In addition to ProTherm, we explored the studies reported in the ProtaBank database, extracted the thermostability data, and integrated them into our database. We also performed a manual literature search using stability-based keywords such as ‘protein stability’, ‘thermostability’, ‘free energy upon mutation’, ‘protein stabilization’. We mined the recent scientific articles reporting mutants with measured stability data and contacted the authors of the publications when the relevant data were not available in the article. All such entries were marked as ‘curated’ as we extracted them directly from the original publications. Finally, we reviewed the thermostability data collected in our lab throughout the last few years and added them to the database. We perform experimental protein characterization in our protein engineering projects on a regular basis, and measuring protein stability is an essential part of such characterization. In total, the three sources led to a significant enlargement of the data size by 62% in terms of all the entries.

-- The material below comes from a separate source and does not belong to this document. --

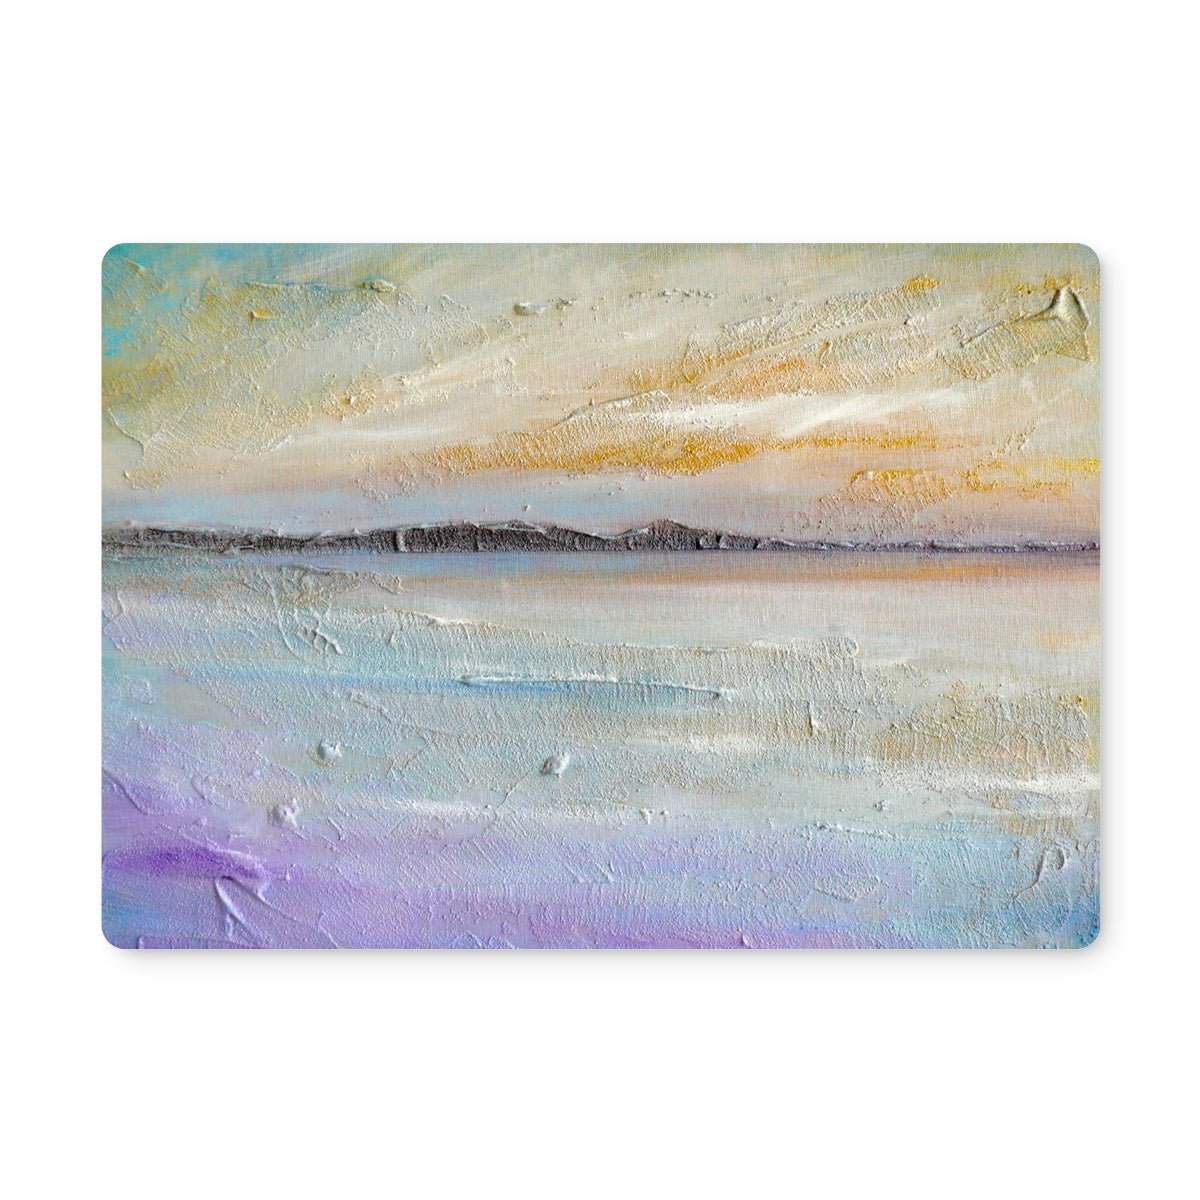 Sollas Beach South Uist Art Gifts Placemat-Placemats-Hebridean Islands Art Gallery-Single Placemat-Paintings, Prints, Homeware, Art Gifts From Scotland By Scottish Artist Kevin Hunter

The number of curated entries more than doubled compared to the previously collected cleaned FireProt subset of ProTherm.

Dataset assignment

In the second acquisition step, we collected 40 datasets from the VariBench database (11) and literature (18), which were used previously for training or testing of existing predictors. Since all these datasets are at least partially derived from ProTherm, we could label each measurement in FireProtDB by its membership in the datasets. These labels are particularly useful for the comparison of new prediction models to the existing tools. This task is usually done by the performance evaluation of predictors on a dataset that is entirely independent of the training and test sets used for the development of the tools. Since the dataset construction is often laborious and consists of a manual data processing, the possibility to directly exclude the data present in given datasets significantly simplifies and speeds up the construction process.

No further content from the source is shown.